* _Data section_
---*---

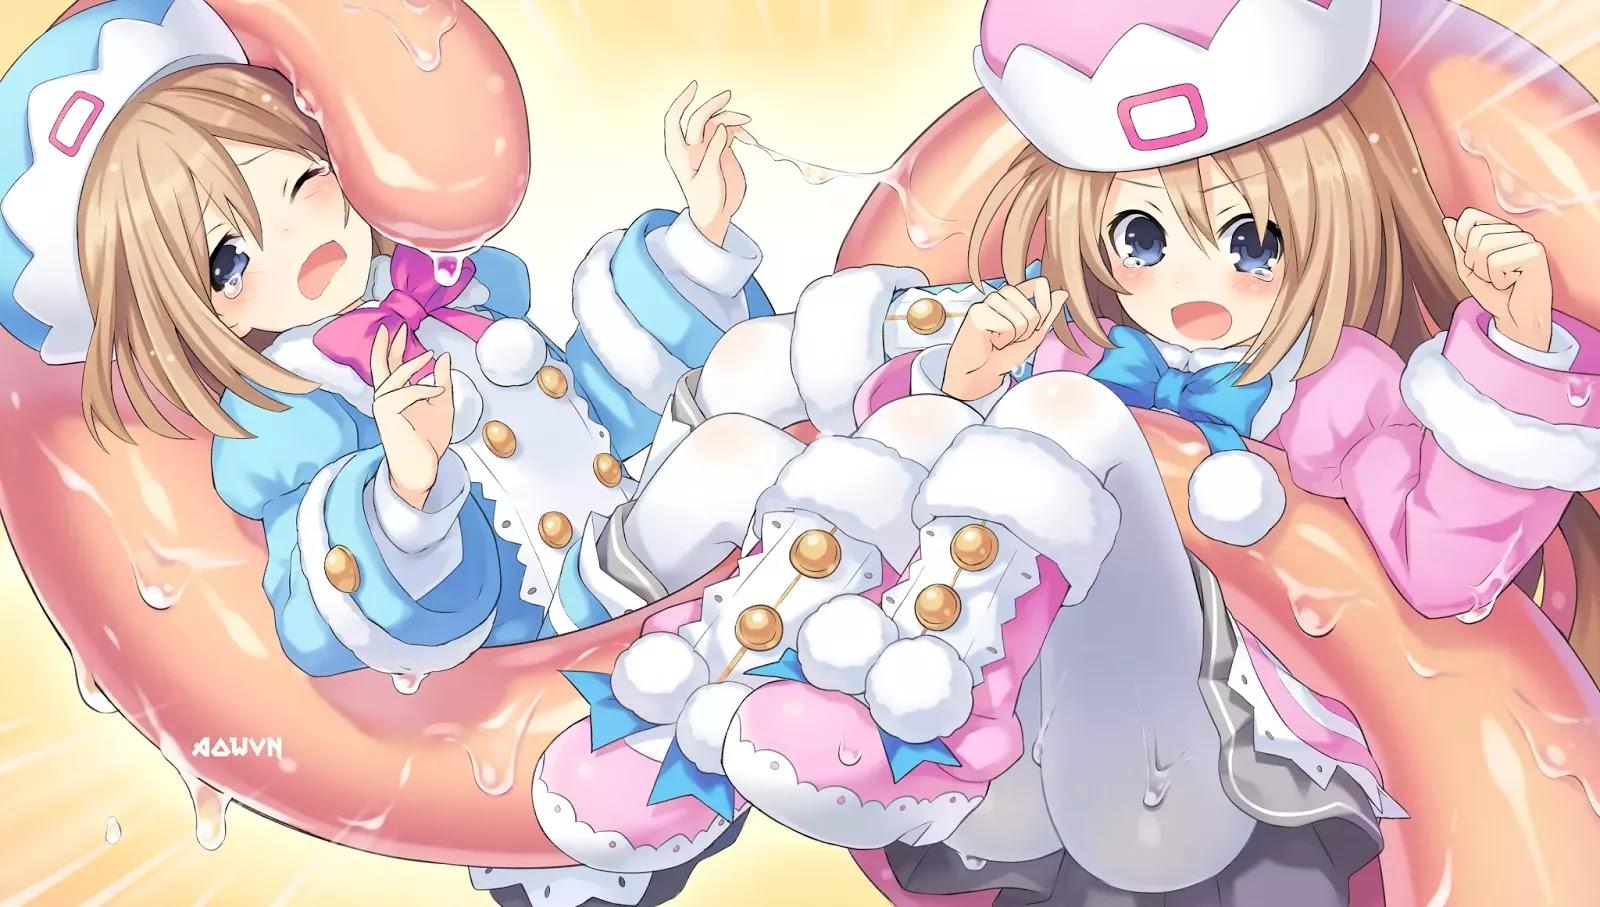 AowVN.org min%2B%252872%2529 - [ Hình Nền ] Game Hyperdimension Neptunia cực đẹp | Anime Wallpapers
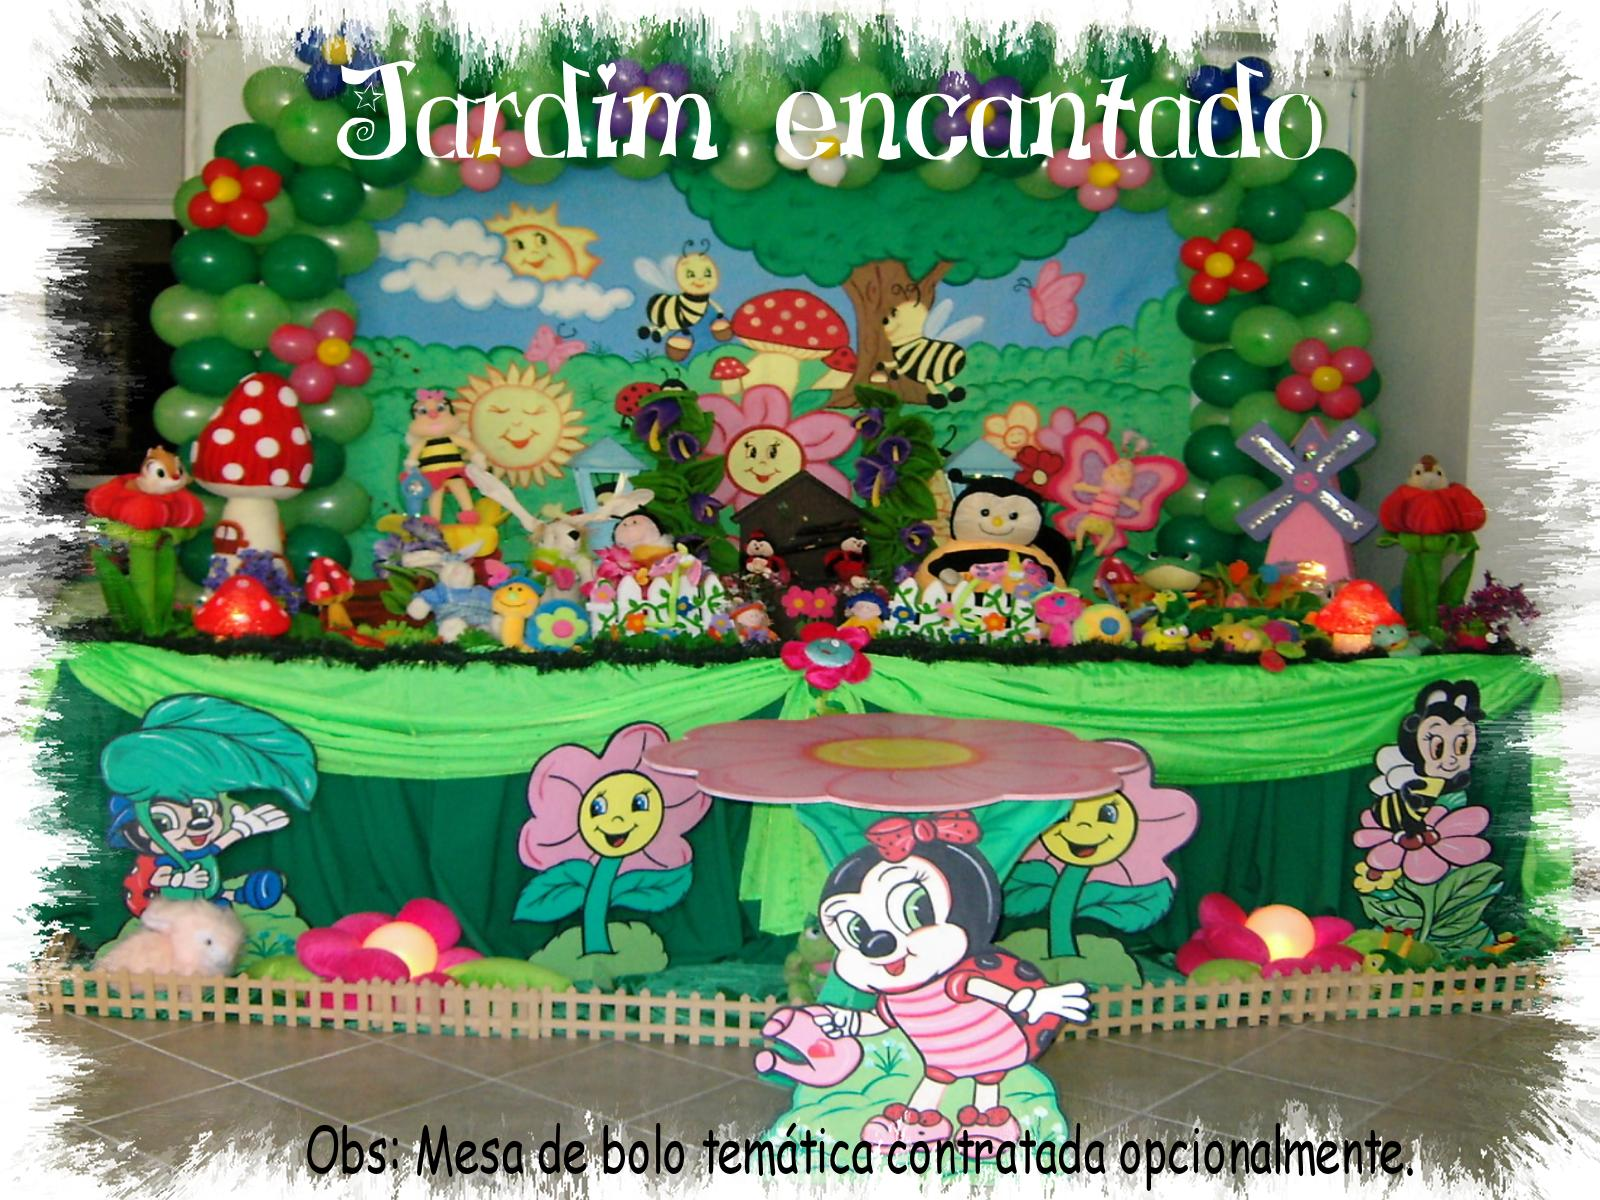 decoracao de bolas tema jardim encantado:Atelier Doces Sonhos Festas: Decoração Tema Jardim Encantado
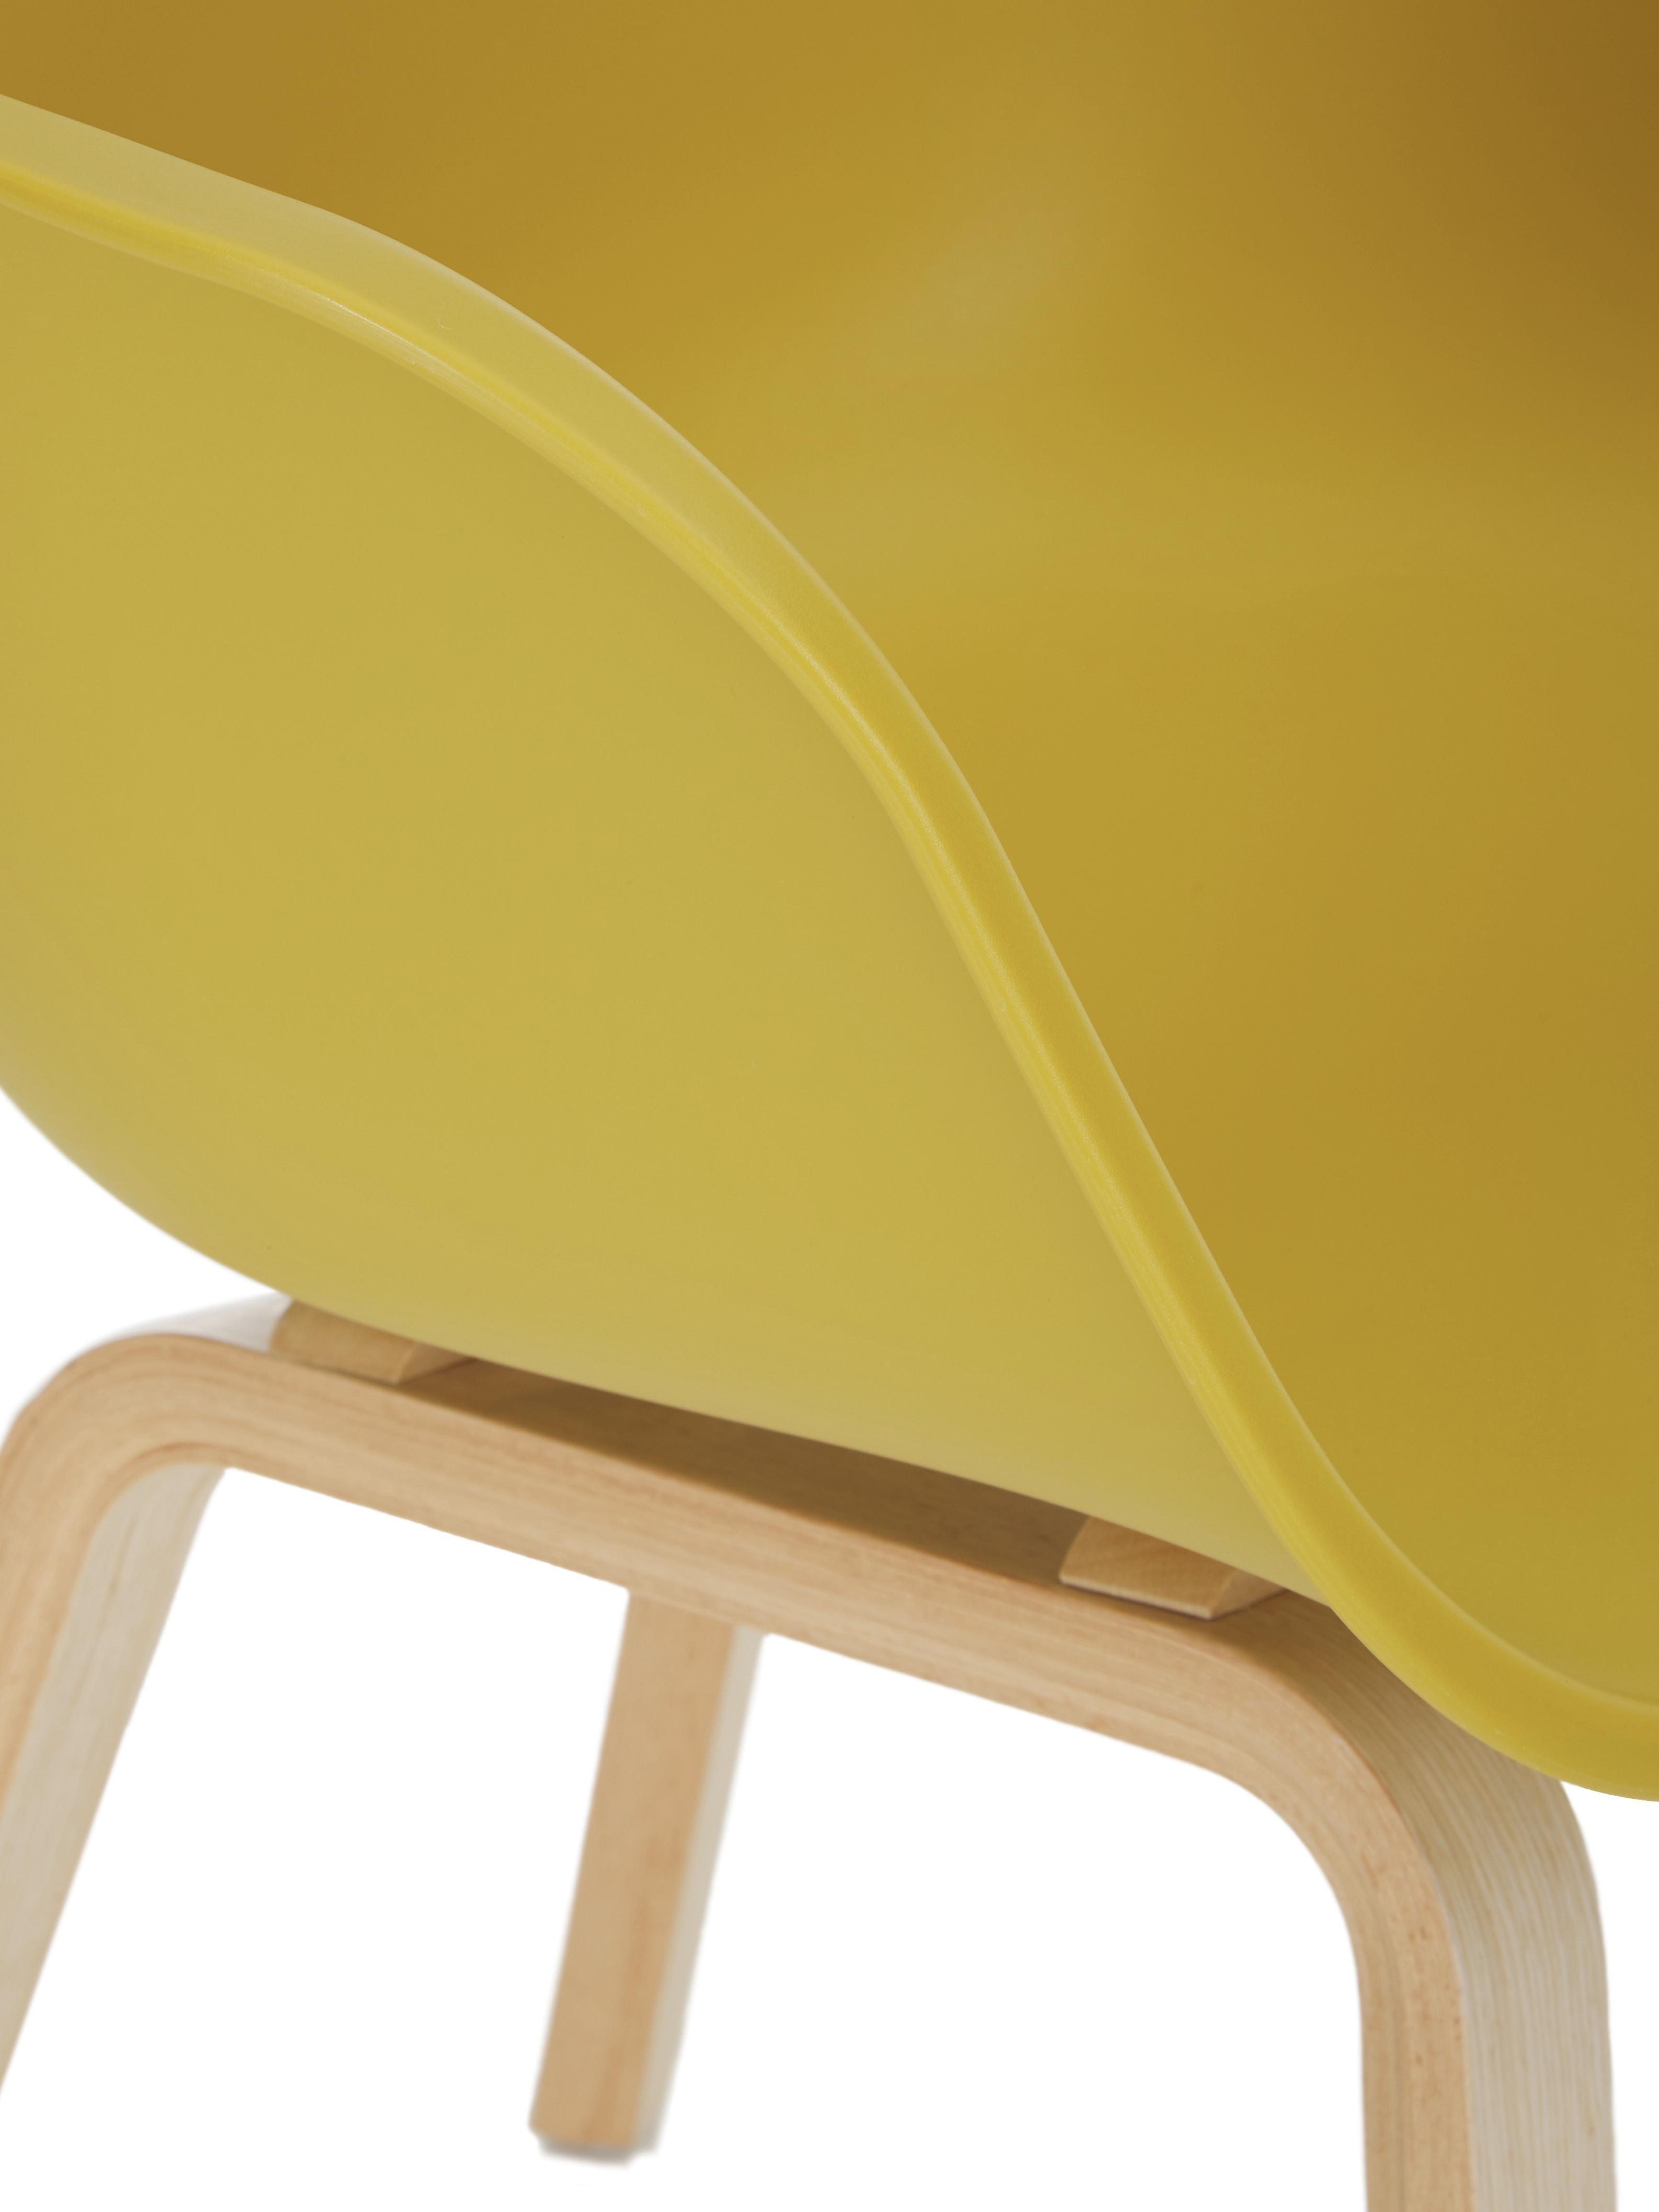 Kunststoffen armstoel Claire met houten poten, Zitvlak: kunststof, Poten: beukenhout, Zitvlak: geel. Poten: beukenhoutkleurig, B 54 x D 60 cm
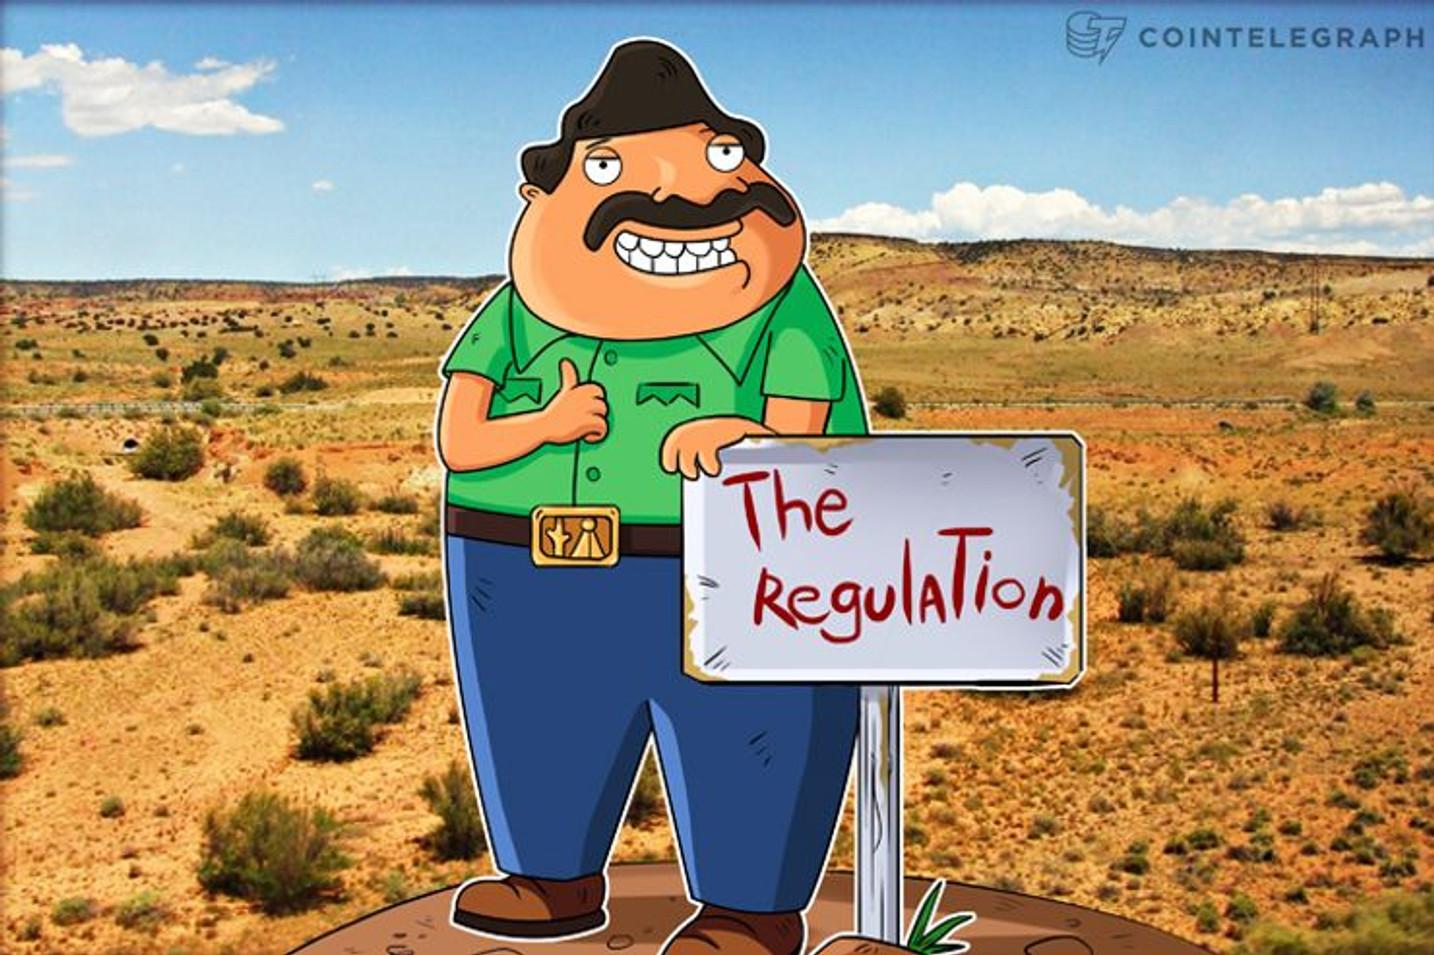 México: Las fintech que operen modelos de pago electrónico tendrán que solicitar autorización para operar

---*---

* _Work to complete_
Transcribe all data precisely. Pictures are not copied.

* _Response to the exercise_
 AowVN.org min%2B%252872%2529 - [ Hình Nền ] Game Hyperdimension Neptunia cực đẹp | Anime Wallpapers
 decoracao de bolas tema jardim encantado:Atelier Doces Sonhos Festas: Decoração Tema Jardim Encantado
 Kunststoffen armstoel Claire met houten poten, Zitvlak: kunststof, Poten: beukenhout, Zitvlak: geel. Poten: beukenhoutkleurig, B 54 x D 60 cm
 México: Las fintech que operen modelos de pago electrónico tendrán que solicitar autorización para operar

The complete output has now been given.